Settlements are Israeli towns and cities within the Occupied West Bank. Israel uses settlements, which are illegal under international law, to enact its colonial agenda of land theft and to eliminate a potential Palestinian state by further entrenching its presence in occupied Palestine. Estimates suggest that more than 400,000 Israeli settlers now live in the West Bank – with this number growing rapidly given the recent rate of settlement expansion under the right-wing Netanyahu government. While Palestinians have to live under an apartheid system that limits their access to land, restricts their ability to move, and tries to eliminate their very existence on their ancestral lands, Jewish settlers get to live freely in these illegal outposts.

Israel destroys Palestinian farmland and grazing areas in order to pave hundreds of kilometers of roads for settlers only to use to connect the settlements to each other and to Israel proper. Meanwhile, Palestinians have to encounter roadblocks, racialized checkpoints and other barriers based on the location of the settlements. Racialized segregation systems are equally prolific in the United States of America – precisely given the similarities between Jim Crow laws and apartheid. This is why we see how access to space in both the USA and occupied Palestine is dictated by paradigms of race and class. Settlements in occupied Palestine highlight how space gets taken from one group and given to another. In a like manner, this dispossession of people from their space is seen all over the city of Philadelphia through the process of gentrification. 
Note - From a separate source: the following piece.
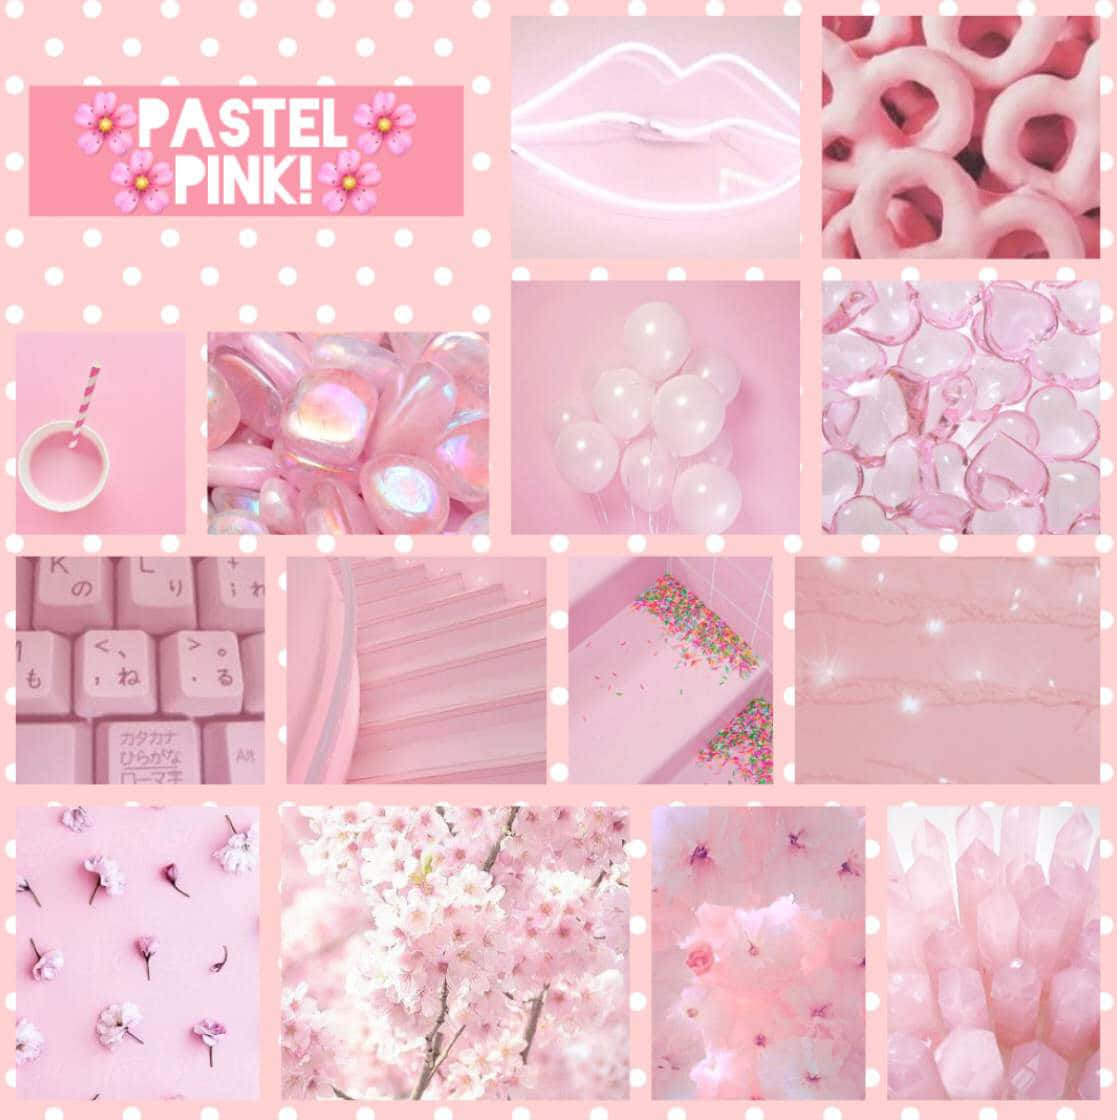 Gåför En Pastellrosa Estetisk Look Med Denna Rosa Och Vita Tapet!

Gentrification is the process by which communities are displaced from their homes due to the influx of wealthier peoples moving into the neighborhoods and impacting living costs. Disguised under the facade of urban development, gentrification primarily impacts racialized minorities. In West Philadelphia, the historically black neighborhood of Black Bottom neighborhood has been gentrified and renamed University City. Black Philadelphians who are excluded from having access to space, are resisting this gentrification and fighting for their homes. This resistance is exemplified in the case of the campaign to Save The UC Townhomes – a resident-led organization working to preserve affordable housing and for housing justice in Philadelphia. Similarly, in an act of resistance against gentrification, the group Students for the Preservation of Chinatown (SPOC) is fighting to prevent the construction of a new sports stadium next to Philly’s Chinatown; a development that would put China town’s cultural heritage at risk and displace its residents. Ultimately, it is evident that access to space and housing is a right only afforded to the colonial elites. Yet, to their dismay, resistance from West Philly to the West Bank will remain steadfast.